“You’re not my friend!” are 4 words that can break the heart of a typical 4 year old child. How often has your preschool aged child come home crying because “no one” wants to be their friend? How often have they complained about another child “hitting or beating” them? These are some of the many social pressures a kindergartner can face. Which is why I believe social development should be an integral part of every preschool or nursery’s curriculum.

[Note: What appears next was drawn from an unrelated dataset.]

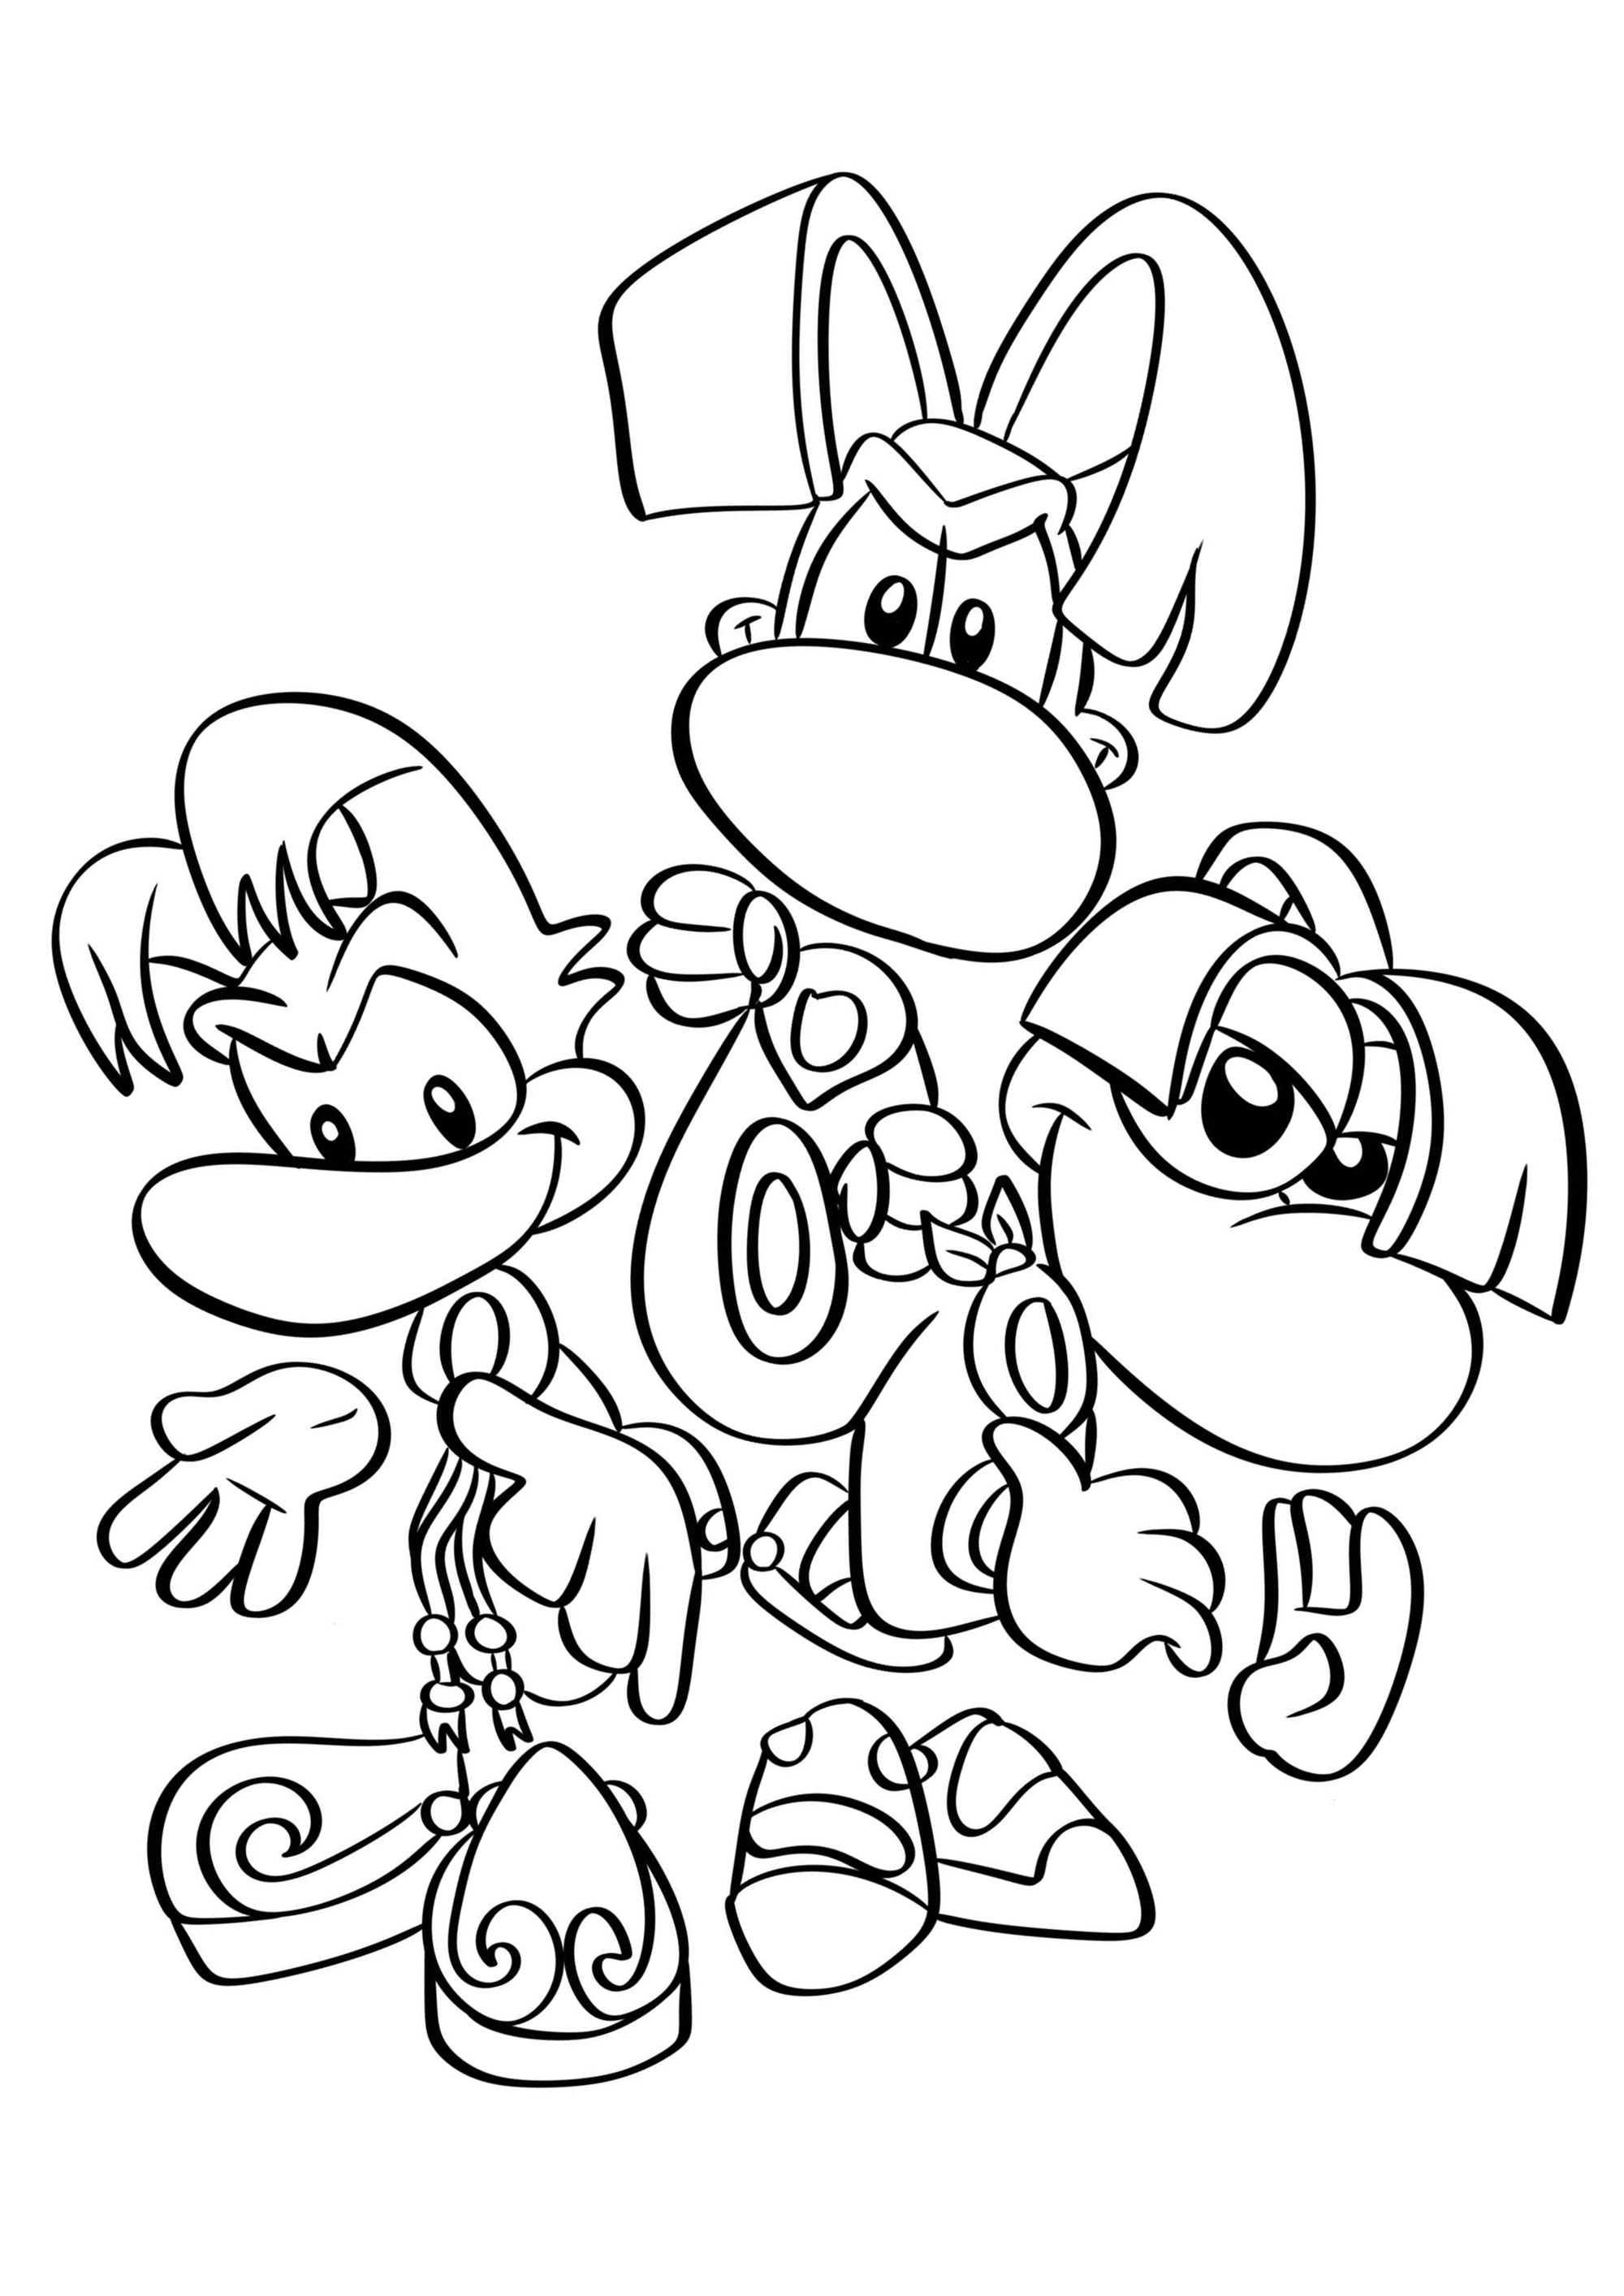 Rayman coloring page with few details for kids

I’m sure you’ve heard of horror cases, where a child had been locked in a room for most of their lives, and once released they exemplify an extreme lack of social awareness. These children can be aggressive or completely withdrawn from societal norms. This is how child psychologists have recognized that social skills are “learned”, we are not born with them. It has been debated for quite some time in the intellectual circles of whether humans are naturally self-centered. Whichever position you can take, one must note that when a newborn arrives in this world, their only concern is having its basic needs met; such as eating, drinking, love, and shelter. The only form of communication the baby is born with is crying. They cry when they’re hungry, sick, or just want to be held. As nurturers, we try to provide them with these needs. At some point the child develops another form of communication; speech. This marks the beginning of a new form of expression. They can now verbally express their needs. Although able to communicate with others, their needs are still self-centered.
Normally in a child care setting you would find a 1 year old child playing alone, even if others are around them. This form of play is identified as “solitary play” in Mildred Parton’s “Stages of Play Theory”. If another child has a toy that this particular child wants, they would typically take it away from the other’s hands without asking. They have yet to learn the social skills of sharing, taking turns, cooperating, and distinguishing between what is acceptable or unacceptable behavior. This is where the teacher or provider should intervene.

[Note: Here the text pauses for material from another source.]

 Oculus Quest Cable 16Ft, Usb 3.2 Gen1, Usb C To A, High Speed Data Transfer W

There are a lot of social activities and songs that can teach children about model behavior. In our preschool, we have often used Barney songs; such as “Please and Thank You, The Magic Words” with the teacher modeling the correct behavior of showing the kids how to ask for what they want, using the word please, and responding with thank you after receiving it. They have to be taught that they can’t simply take whatever they want whenever they want it. By the same token, the child who originally has the toy, has to learn how to “share”. For instance, the teacher could say to the child, “Lisa you play with it for 5 minutes, then you can allow another child to play with it, that way everyone gets a turn to play with the same toy” in a nice approving voice to model the behavior you are trying to teach. This way, the children are not only learning to share, they are also learning patience, and taking turns, all model social behavior.

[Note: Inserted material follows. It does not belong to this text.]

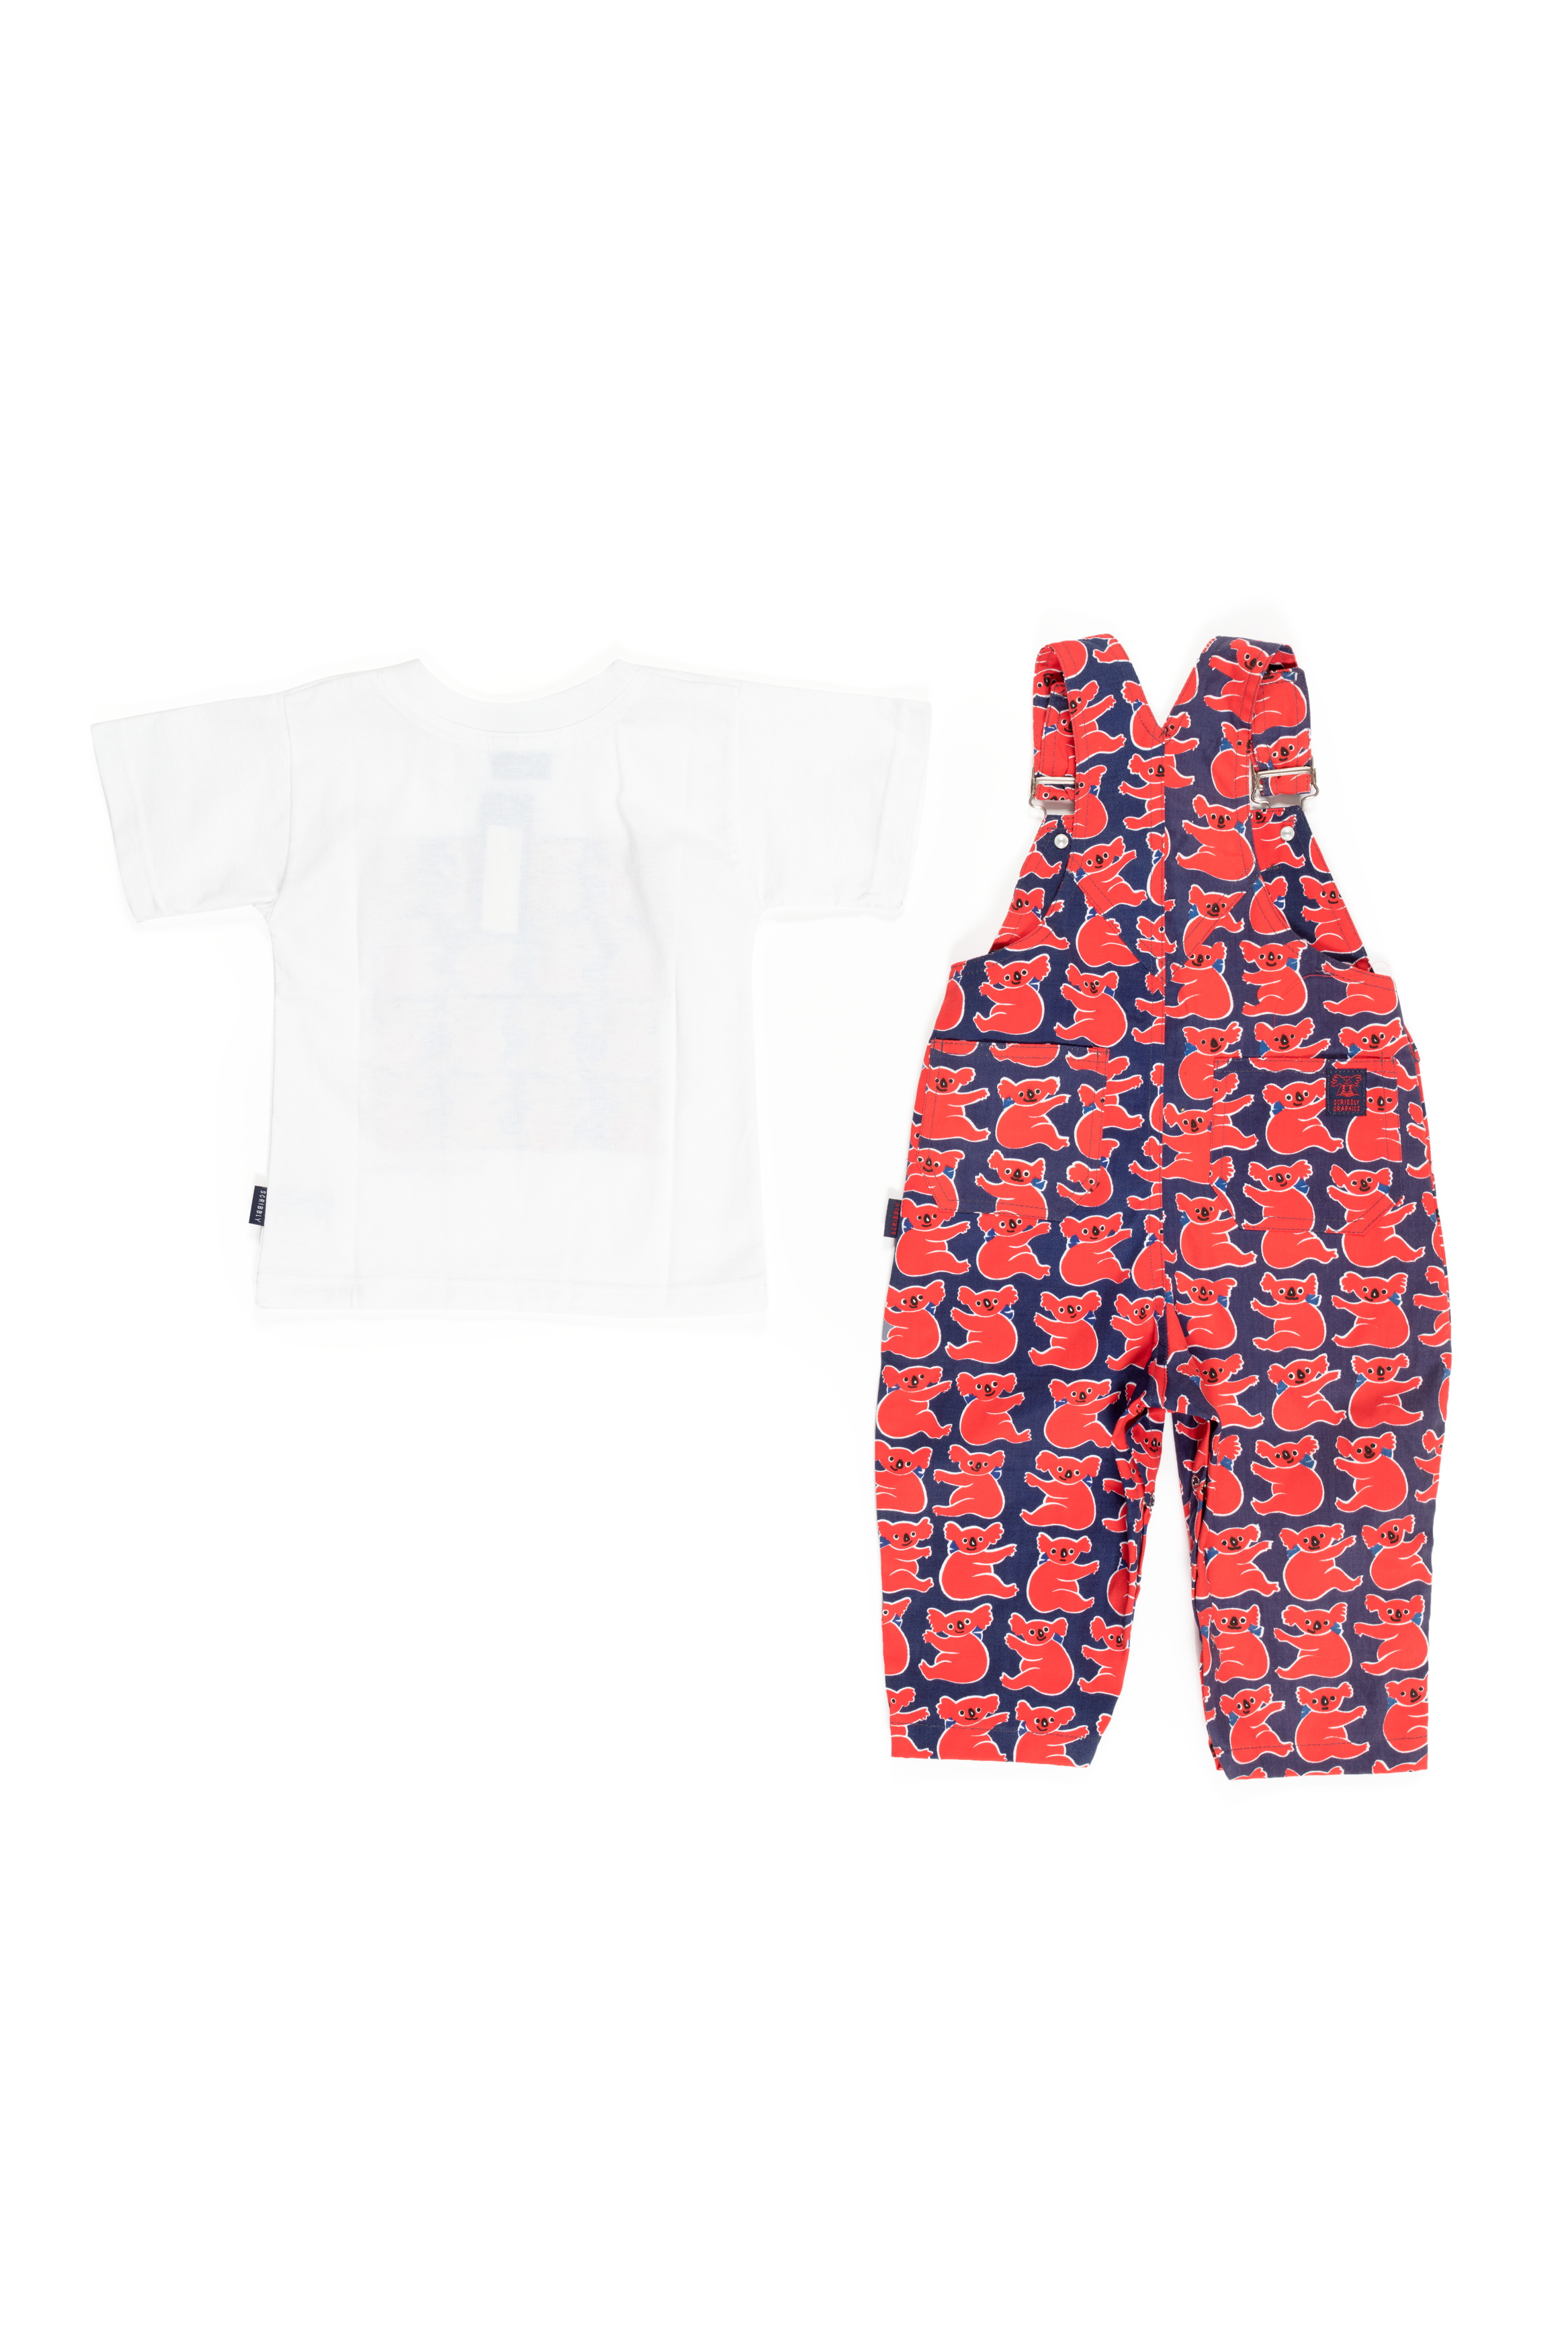 Scribbly Graphics overalls and t-shirt

Without these basic skills, some children do not become the “ideal” playmates by the time they reach the age where children play socially, which is typically around 3 to 4 years of age. Often times when a teacher is more engaged in children's social play, he or she may discover why a certain child is not making friends too easily. The child could be too aggressive for the others and in some instances too shy to assert themselves. The teacher or parents can intervene by asking the other children why they won’t play with the child. If its because the child hits, bites, or any other form of aggressive behavior, you must teach them the behavior that is acceptable to interact with others. If the child is shy, you must teach them to be more assertive, and help to build their social confidence. You can also match a bashful child with an assertive one, to help them gain social experiences. Always be aware of how children are interacting when they are playing. If one looks sad and lonely, try to encourage others to play with this child. Even as a teacher you can engage in play with them by giving a bit more attention to this particular child. Also be on the watch for the “bullies” and teach them model behavior as well. After many years of counseling children, I’ve also discovered that even the so-called bullies are in need of love and encouragement in school, as it may be missing in their homes. Always talk to the children, to see what’s going on in their little heads and teach them how to express themselves. Use as much positive reinforcement as possible, and when the behavior is completely unacceptable, use the age appropriate (loving, not harsh) punishment to try to decrease poor behavior.
I also encourage parents that have recently moved to a new city to try to meet other parents in the school and make “play dates” for the children. Some children will play with just about anyone, while others will develop bonds with a select few. Either way teach the children appropriate social behavior, or monitor their play activity without being too overly protective. They have to learn to eventually play independently of adult intervention.